#### Record set:
= = =

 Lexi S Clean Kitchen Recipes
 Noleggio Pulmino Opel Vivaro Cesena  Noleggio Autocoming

= = =

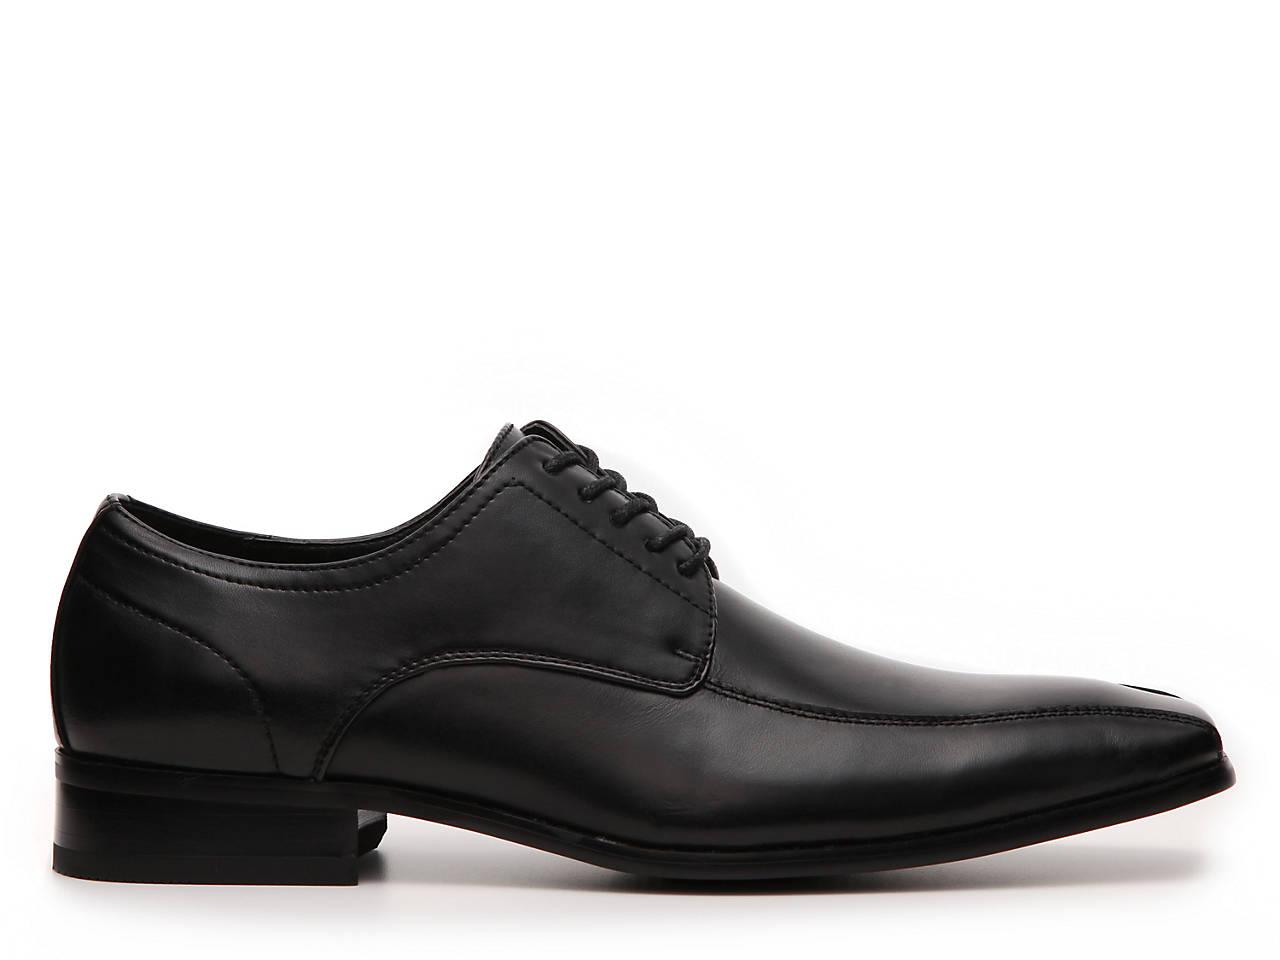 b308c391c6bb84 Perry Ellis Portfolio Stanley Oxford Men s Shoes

= = =

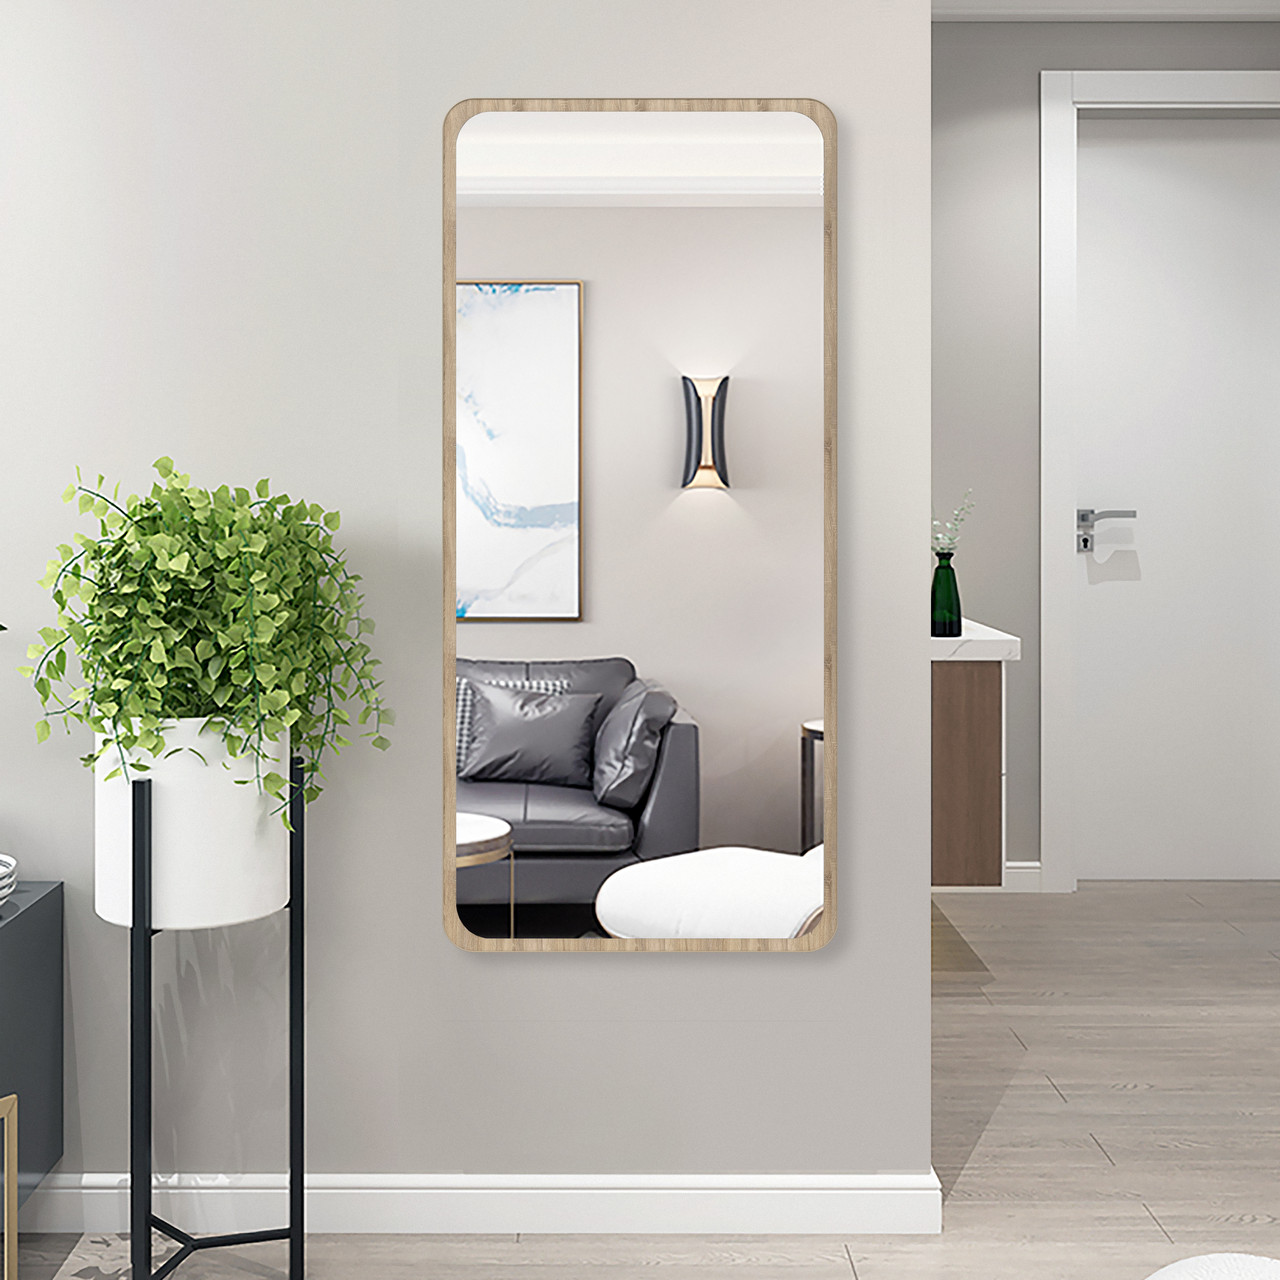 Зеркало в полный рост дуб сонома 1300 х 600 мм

= = =

Write down exactly the span of lines above from the one containing "Lexi S Clean Kitchen Recipes" to the one containing "Noleggio Pulmino Opel", both ends included.

 Lexi S Clean Kitchen Recipes
 Noleggio Pulmino Opel Vivaro Cesena  Noleggio Autocoming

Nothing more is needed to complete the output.